Alzó la vista hacia el castillo con expresión sombría. Pobre Meggie. Seguro que volvería a echarle la culpa de todo. Su madre sin duda lo haría. Qué bien recordaba Fenoglio la mirada suplicante de Resa.
¡Tienes que escribir para hacernos regresar! ¡Nos lo debes!
Sí, quizá habría debido intentarlo. ¿Qué ocurriría si mataban a Mortimer? ¿No sería entonces mejor para todos ellos regresar? ¿Qué iba a hacer entonces él allí? ¿Contemplar cómo la Víbora inmortal y Nariz de Plata continuaban relatando su historia?
—¡Claro que es aquí! ¿No has oído lo que ha dicho ella? Que subamos la escalera. ¿Ves por aquí otra escalera? ¡Darius, por Dios!
Cuarzo Rosa olvidó su brazo roto y atisbo hacia la puerta. ¿Qué voz de mujer era ésa?
Llamaron, pero antes de que Fenoglio pudiera contestar «adelante», la puerta se abrió y una mujer bastante robusta entró tan precipitadamente en la estancia que Fenoglio retrocedió sin querer, golpeándose la cabeza contra la vertiente del tejado. A juzgar por su atuendo, la mujer parecía venir derechita de una función de teatro barata.

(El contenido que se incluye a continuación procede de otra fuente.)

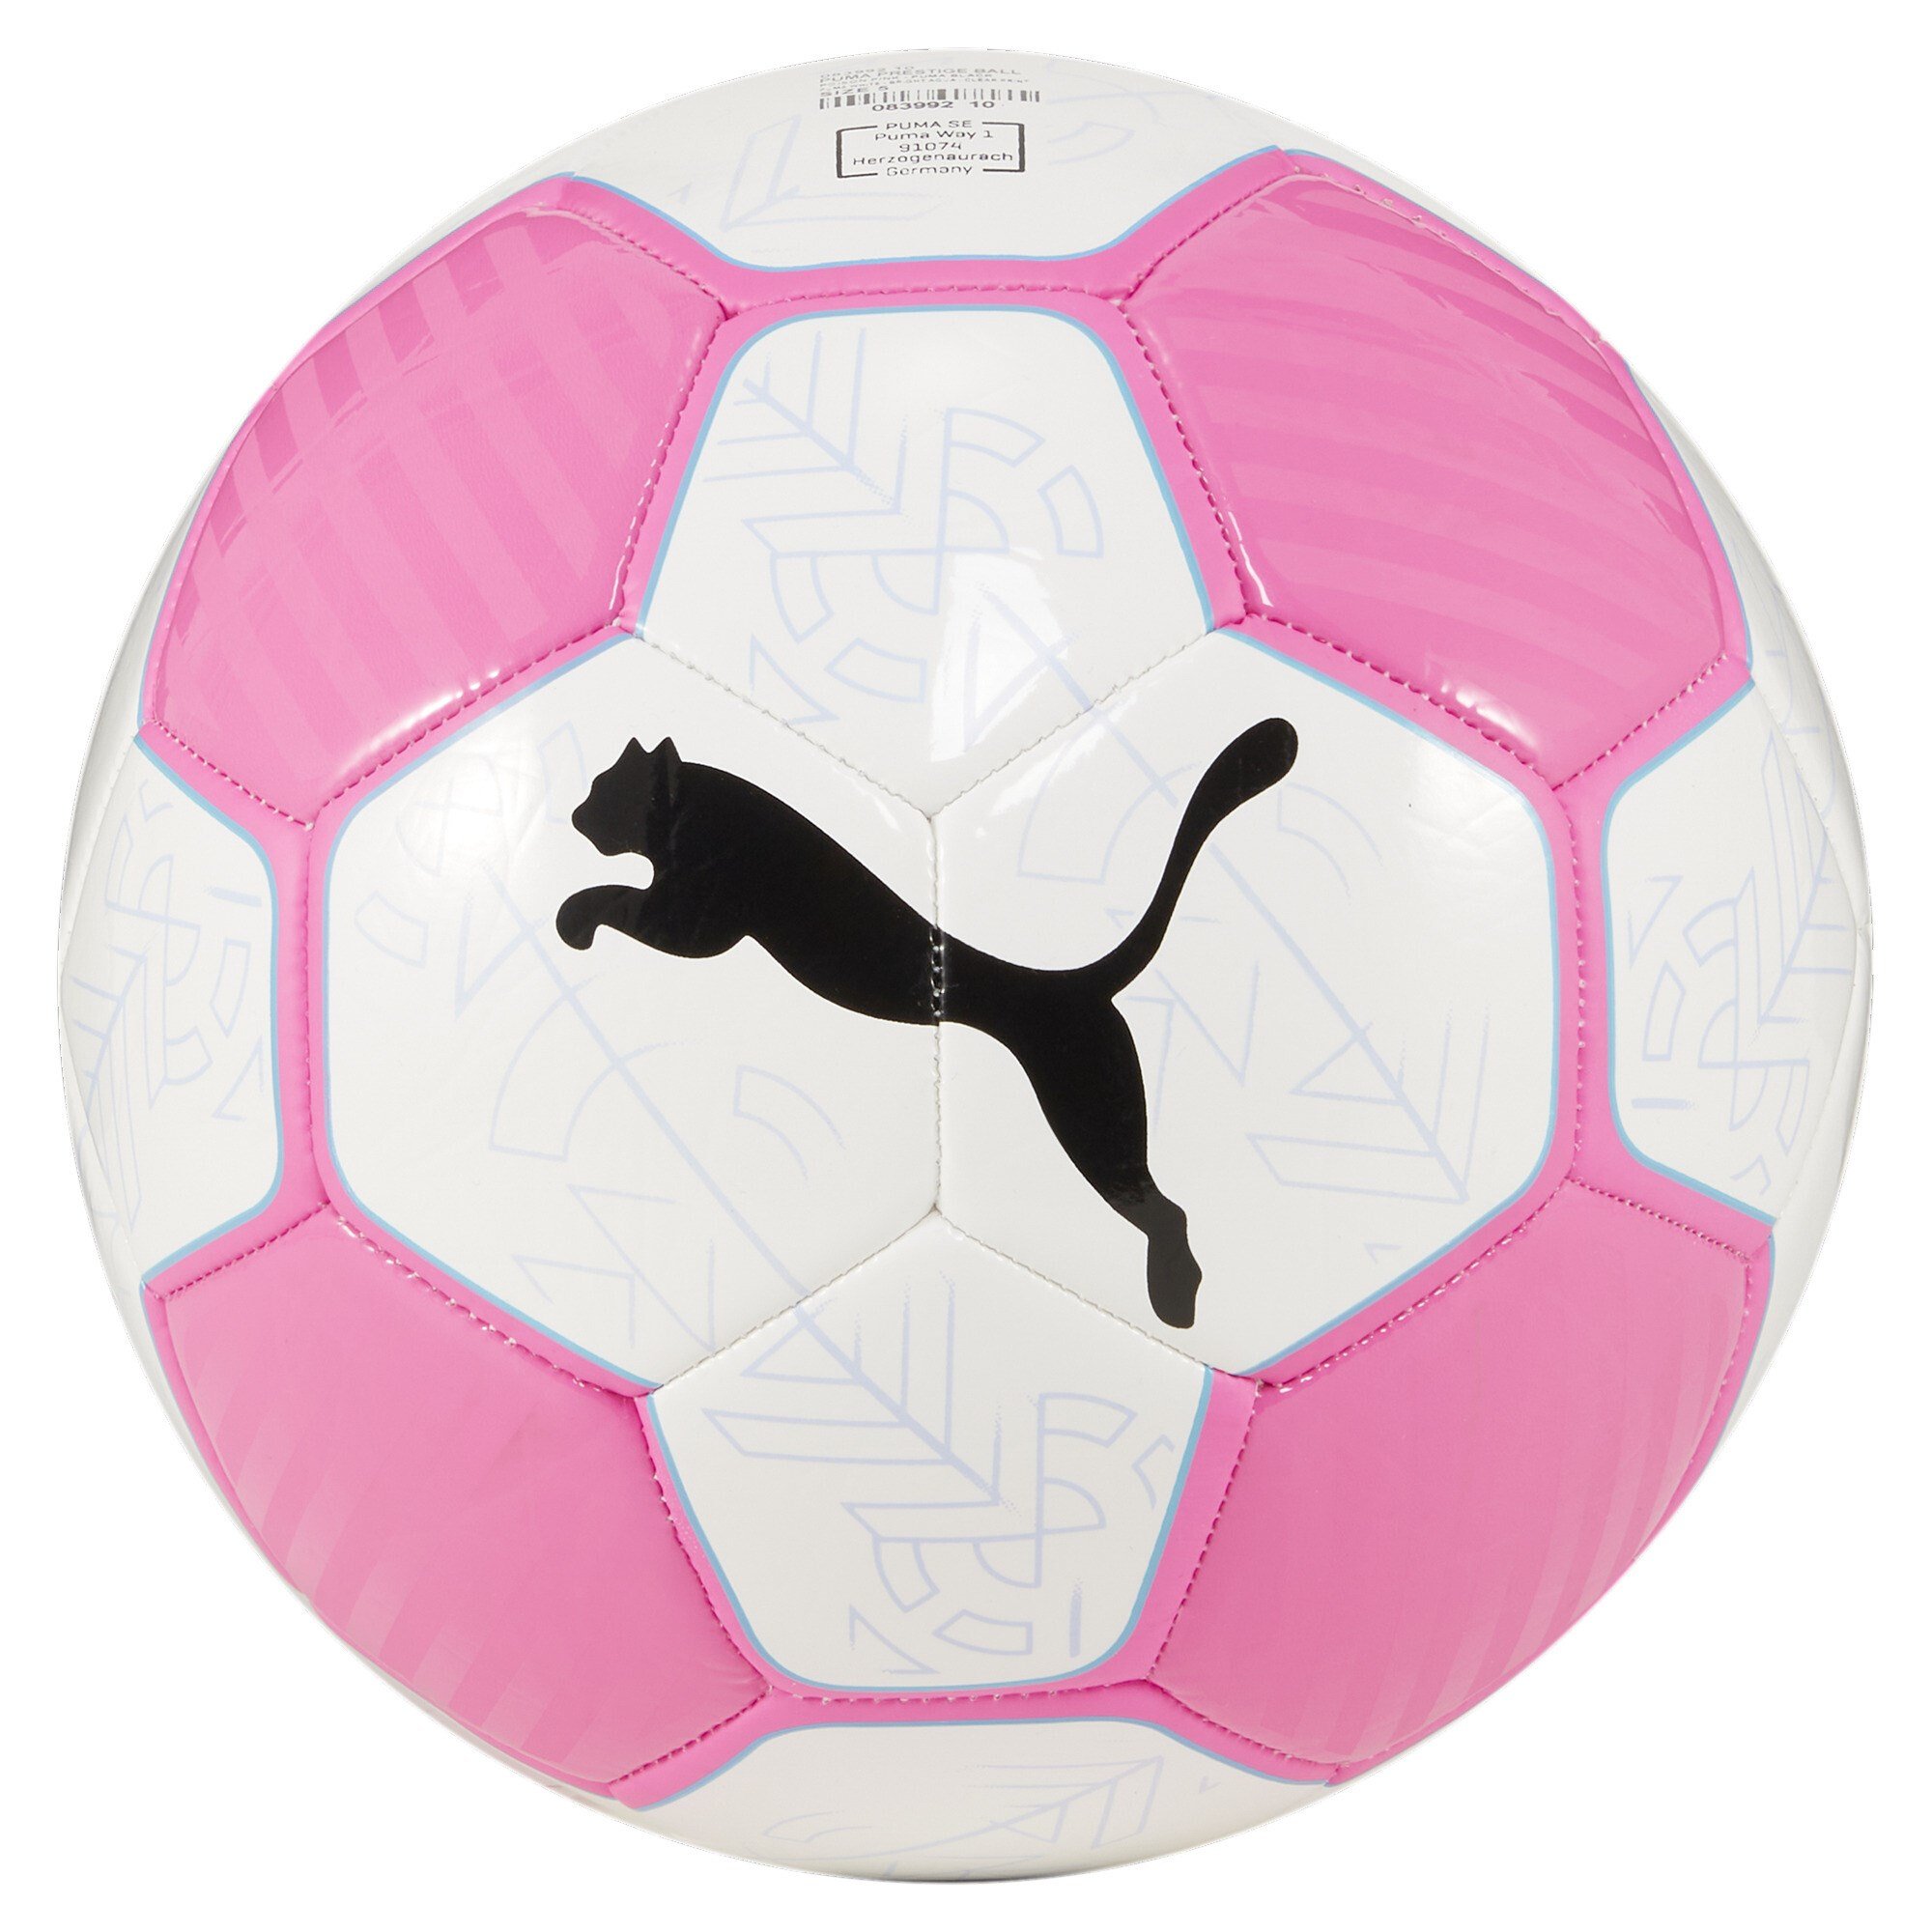 Puma voetbal Prestige - Maat 5 - wit/pink

—Ahí lo tienes. ¡Es él! —anunció ella examinándolo con tal desprecio que Fenoglio fue consciente de cada uno de los agujeros de su blusón. «Conozco a esa mujer», se dijo. Pero ¿de qué?
—¿Qué pasa aquí, hmmm? —ella le golpeó muy fuerte en el pecho con el dedo, como si quisiera clavárselo en su viejo corazón. Y también había visto ya a ese tipo flaco que estaba detrás de ella. Pues claro, en…
—¿Por qué han izado en Umbra la bandera de Cabeza de Víbora? ¿Quién es ese individuo repugnante de la nariz de plata? ¿Por qué han amenazado a Mortimer con sus lanzas, y desde cuándo, ¡por todos los santos!, porta una espada?
La devoradora de libros. ¡Claro! Elinor Loredan. Meggie le había hablado muchísimo de ella. El mismo la había visto por última vez a través de una reja, en una de las perreras de la plaza durante las fiestas de Capricornio. Y ese tipo amedrentado de mirada de buho era el lector tartamudo de Capricornio. Aunque ni con su mejor voluntad acertaba ya a recordar su nombre. ¿Qué hacían allí esos dos? ¿Es que entretanto había una visa turista para participar en su historia?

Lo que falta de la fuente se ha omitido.